Project for a company which sells construction equipment and heavy machinery. They want to know prices and some statistics.

So we needed to regularly parse  10 websites selling equipment. Some of them are pretty big so you can't just parse them from one ip address (they will ban you for frequent requests).

Interface for managers

Some features of this project

  • Grabbing and parsing data about proxy servers (Buying bunch of private proxies is not cheap, and client didn't have approved budget for that so we used open proxies).

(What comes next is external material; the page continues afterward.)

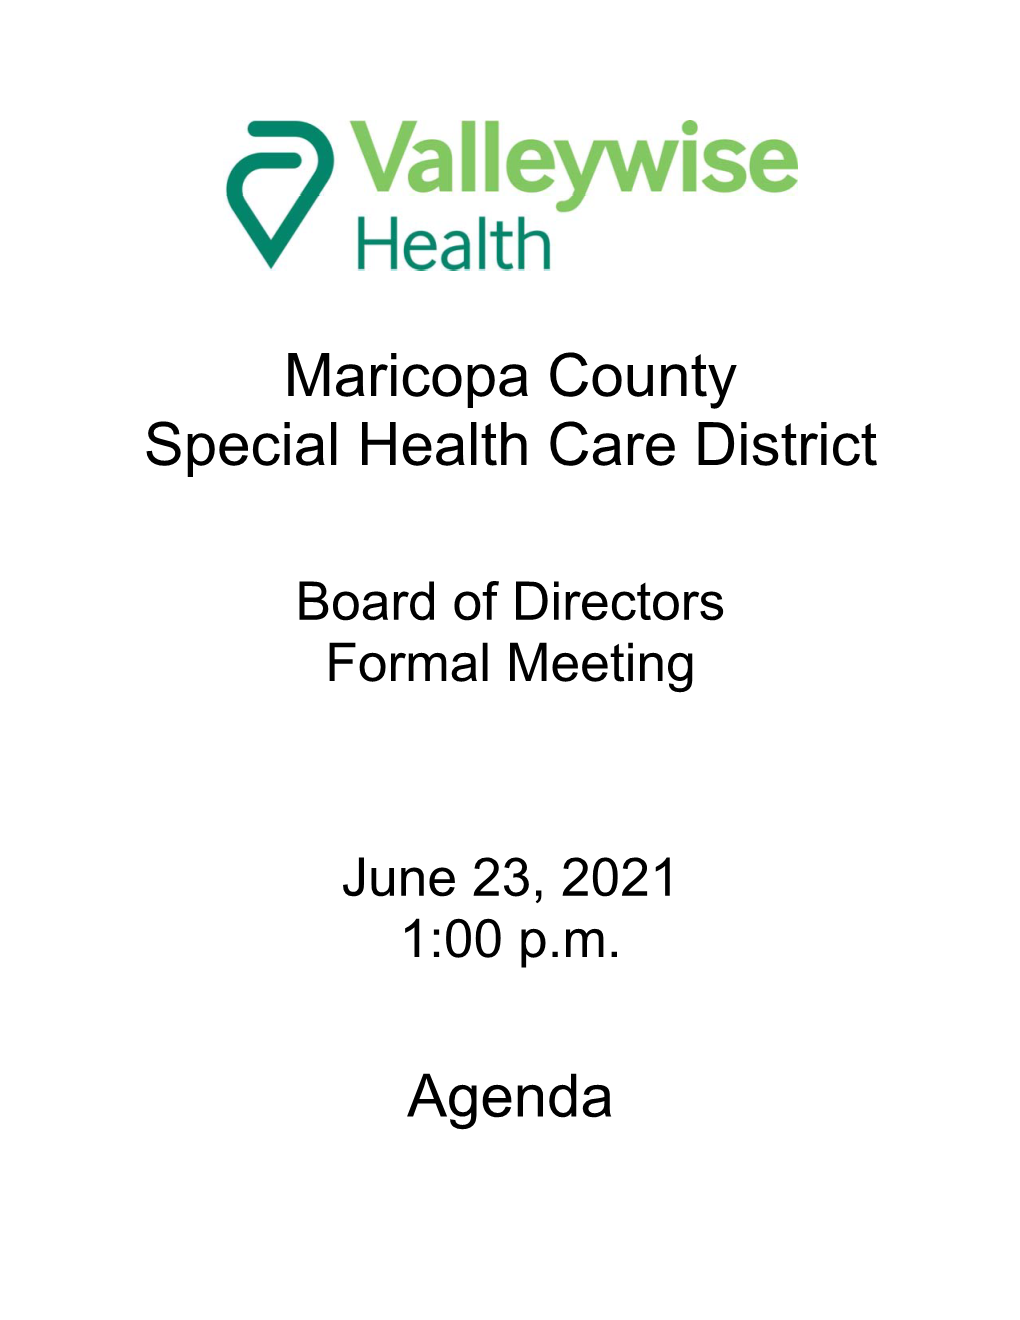 Maricopa County Special Health Care District

The problem with open proxies (with private too by the way) that they can be already banned on the websites you need to parse. You need to make checks for that. Sometimes proxy just die and you need to catch that too. Some websites are banning access from different countries. So you can use only specific proxies. And you will know this details only then you are actually implementing a parser for a specific website. What's why it is so hard to tell the estimate time for writing a parser.

So I wrote a lot of code to orchestrate proxy lists, check for proxy health, check its answers, etc...

Django admin interface
  • Parsing bunch of websites with an construction equipment.

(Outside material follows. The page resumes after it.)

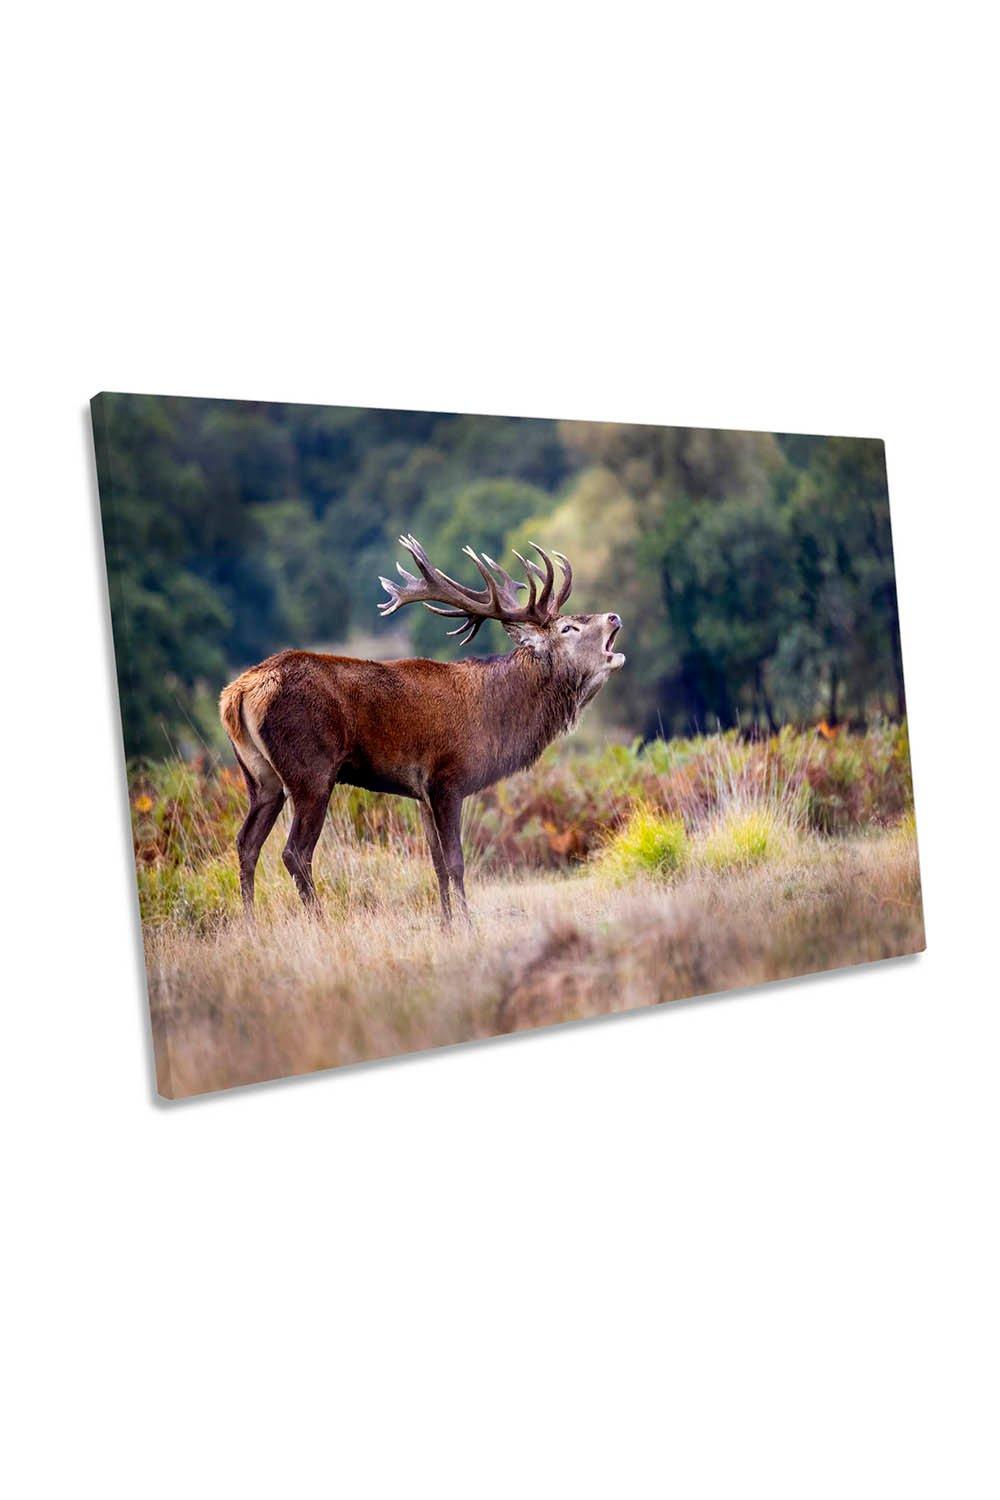 The Scream of the Deer Stag Antlers Canvas Wall Art Picture Print

Each website is unique in some way. You have to be gentle and not send a lot of requests and you need to mimic regular user as much as possible. And you can't just parse 100% of every website every time so you need to think of a way to select only updated information.

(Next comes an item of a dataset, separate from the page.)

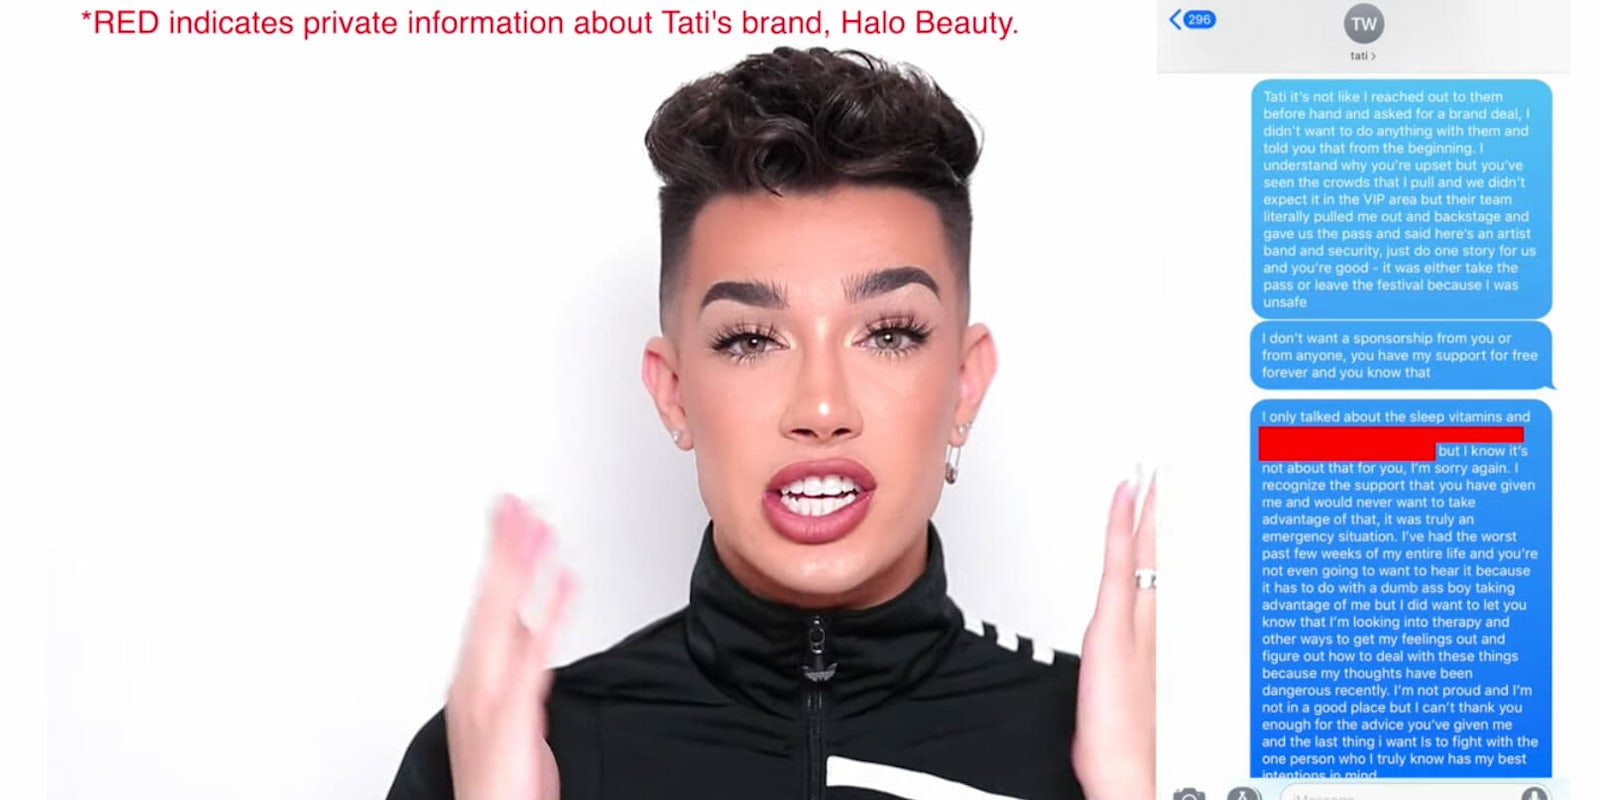 A video titled 'No more lies' shows James Charles explaining his side of the story with screenshots of text messages with Tati Westbrook

Interesting example: you enter bulldozers page of a website. it says it has 100 pages, 10 ads each. You can walk between pages adding &page= to the URL. Sweet. But if you are not careful you will not notice that after page 50 they just gave you the page № 1 content. So there is  100 x 10 = 1000 ads but you can only get 500 ads. And actually you need to split this ads into smallest chunks - no more 50 pages in results. So I used different filters on a website  like year of manufacture, brand name, etc... It's just one of funny examples of problems with parsing websites.

  • Working around CAPTCHAs and bans. There are services to help you with captcha, or sometimes you can just switch to another proxy.
  • Extracting and processing data - (search for duplicates, calculating price stats, export to excel)
  • GraphQL API for frontend

I wrote proxy orchestrating part, web-crawler and 8 of 10 website parsers.

Used technologies:

Backend: python, django, django-rest-framework, celery, graphql, postrgresql, redis, lxml, requests, beautifulsoup, openpyxl

Frontend: react, graphql